About two billion people have no insurance, but micro-payments via mobile phone are helping give low-income households the cover they need.
When Francis Ahiale was trying to remove a car tyre from its rim, the metal tool he was using flew up into his eye. In great pain and bleeding profusely, he went to hospital for treatment, but unfortunately lost his left eye.
“I felt really bad,” says Mr Ahiale, 37, from Adenta, Ghana. “But I came to realise that accidents happen, especially in my line of work.
“Ever since the accident I can’t work as well as I did before – I need help, so I’m suffering financially.”
The hospital treatment cost him 1,500 Ghanaian cedis – about £270 – which he could only pay after borrowing money from friends.
That debt would have made his life even harder had he not taken out a new type of personal accident insurance paid for in micro-instalments over his mobile phone.
The total monthly cost of the policy was about £1.

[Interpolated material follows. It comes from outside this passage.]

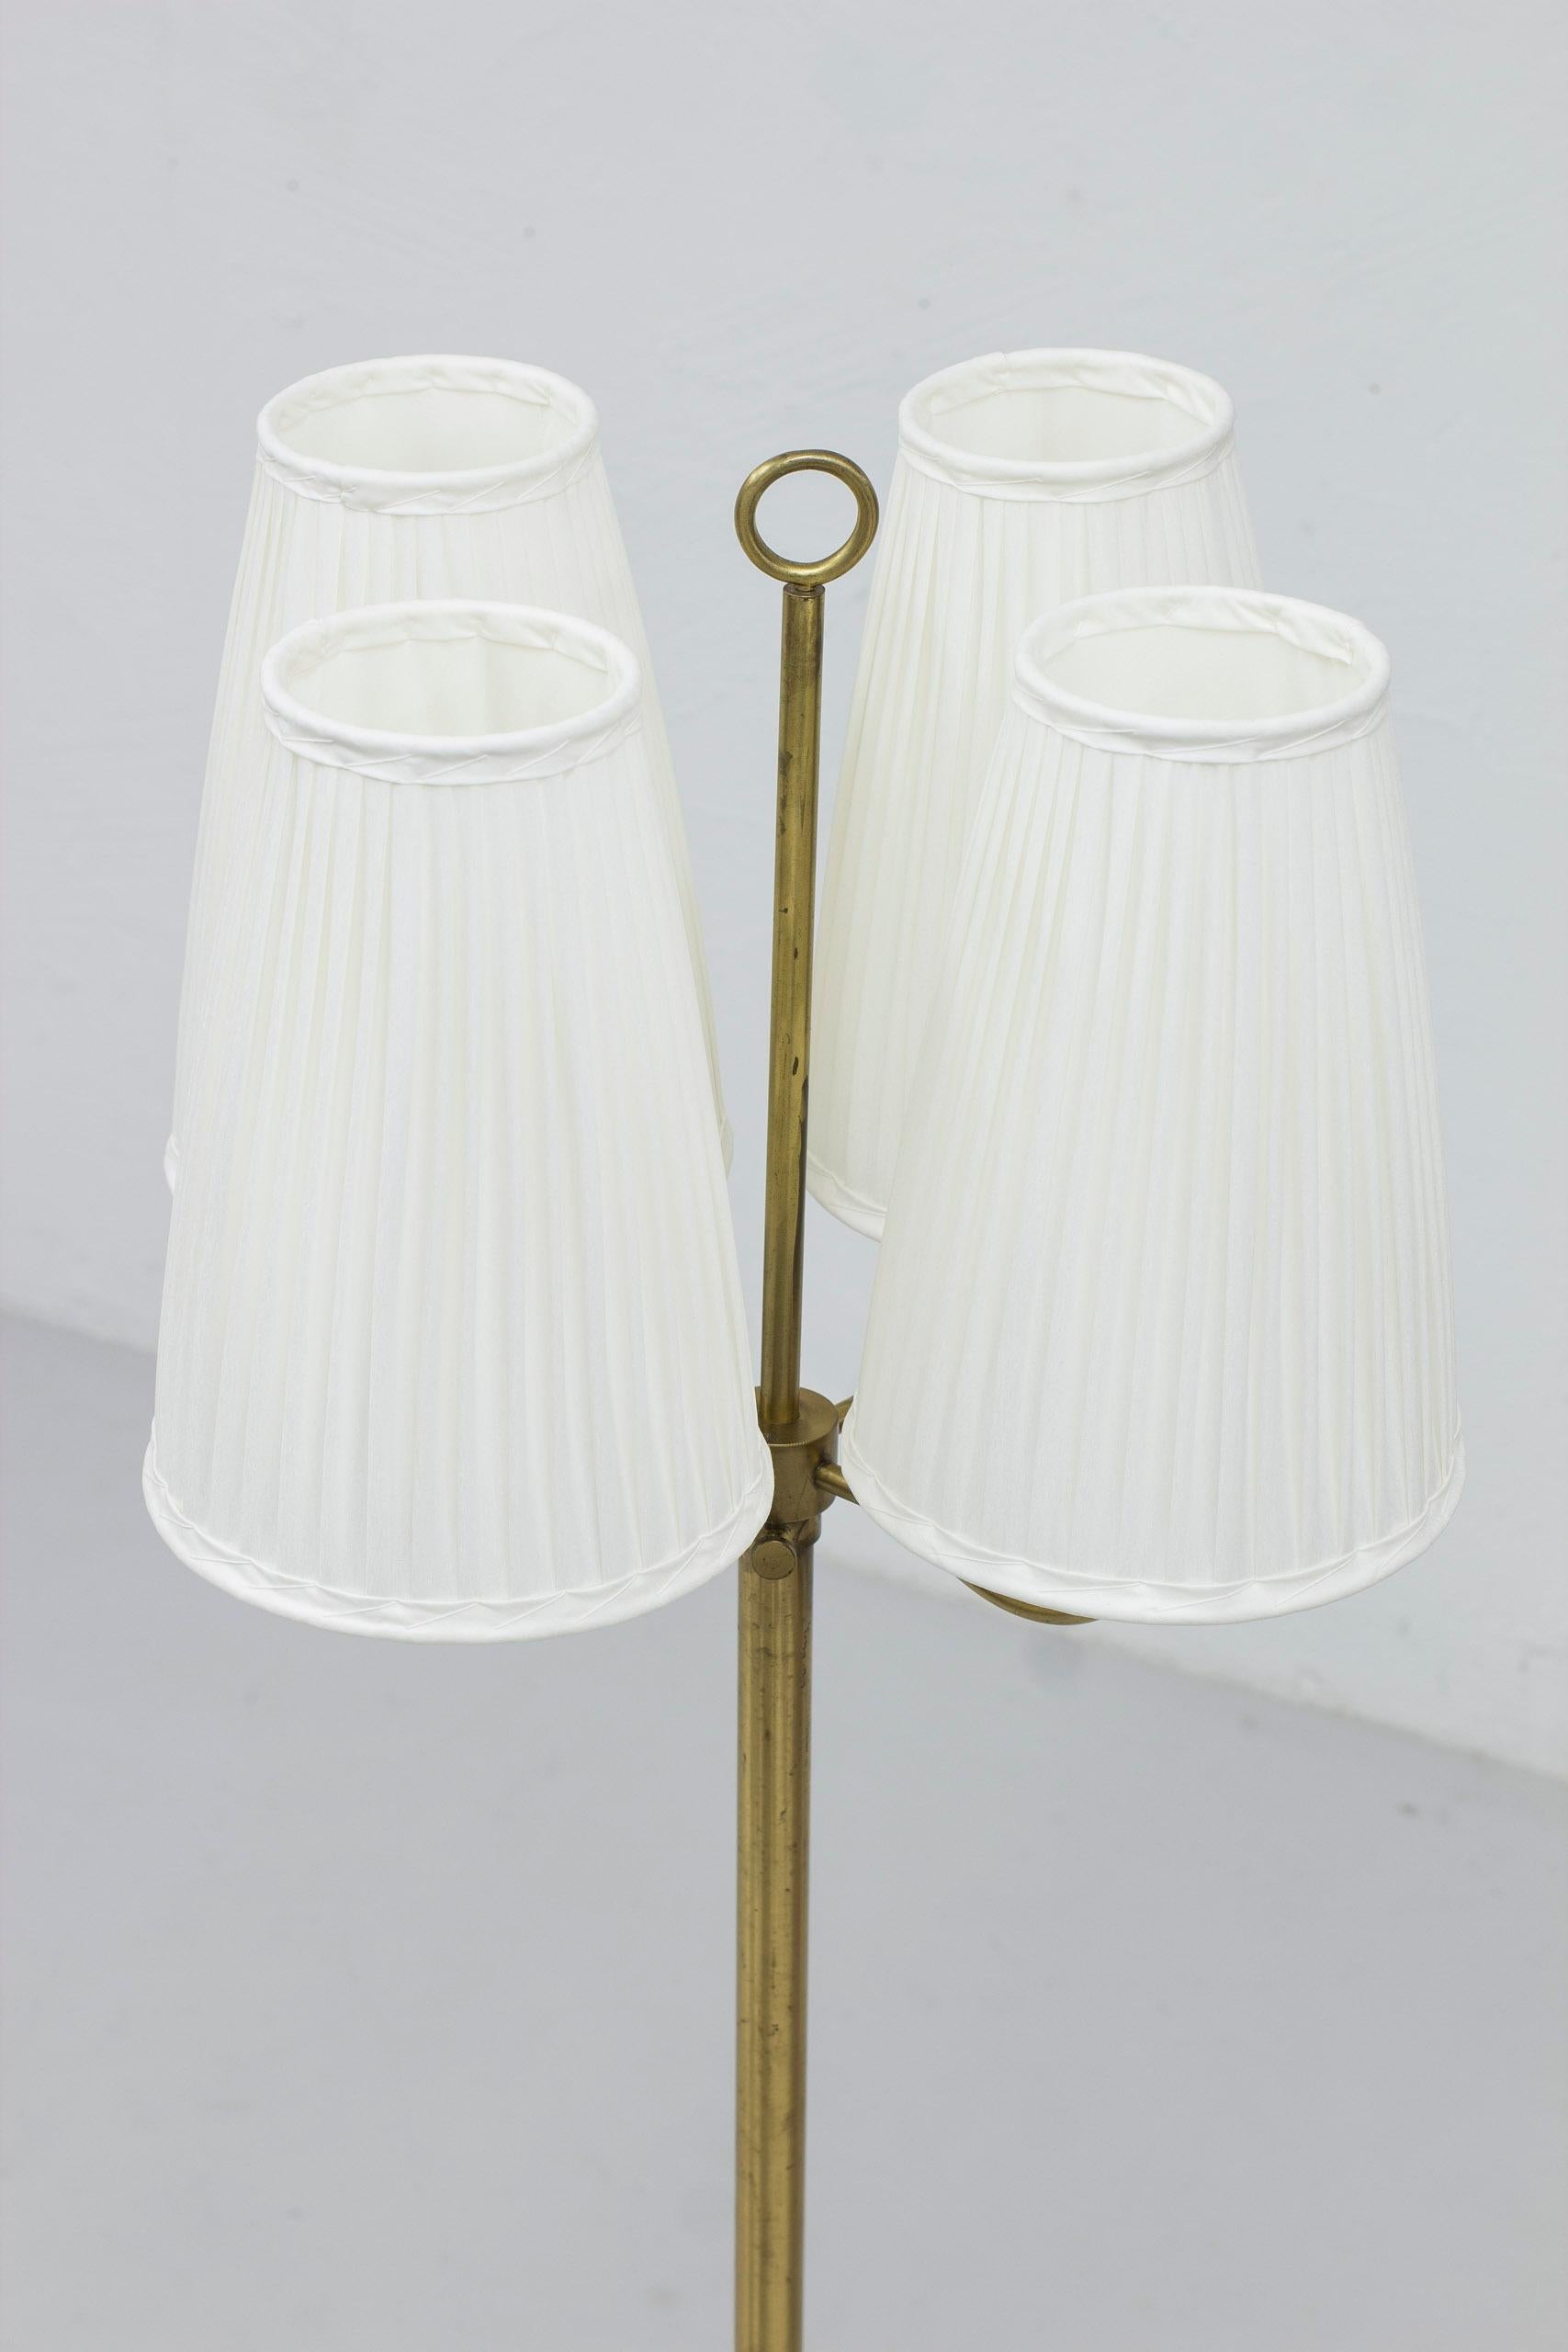 Swedish Modern floor lamp in brass in the manner of Josef Frank, Sweden, 1940s For Sale 6

After sending a doctor’s report to the insurance company’s office in Accra to verify the claim, Mr Ahiale received a payout of about £450.
“They paid up straight away,” he says. “I was very happy because I wasn’t expecting this type of money – it meant I could pay off my debt.”
Mr Ahiale is just one of millions of lower-income people across Africa and the rest of the developing world increasingly benefiting from affordable insurance paid for by mobile.
“It’s very good that we can now buy insurance,” says Mr Ahiale. “My friends and neighbours are coming to accept that it is affordable and helpful.”
Vodafone and Safaricom’s M-Pesa blazed a trail in mobile-to-mobile payments and banking services in Kenya, but for a long time in developing economies insurance seemed like the Cinderella of financial services.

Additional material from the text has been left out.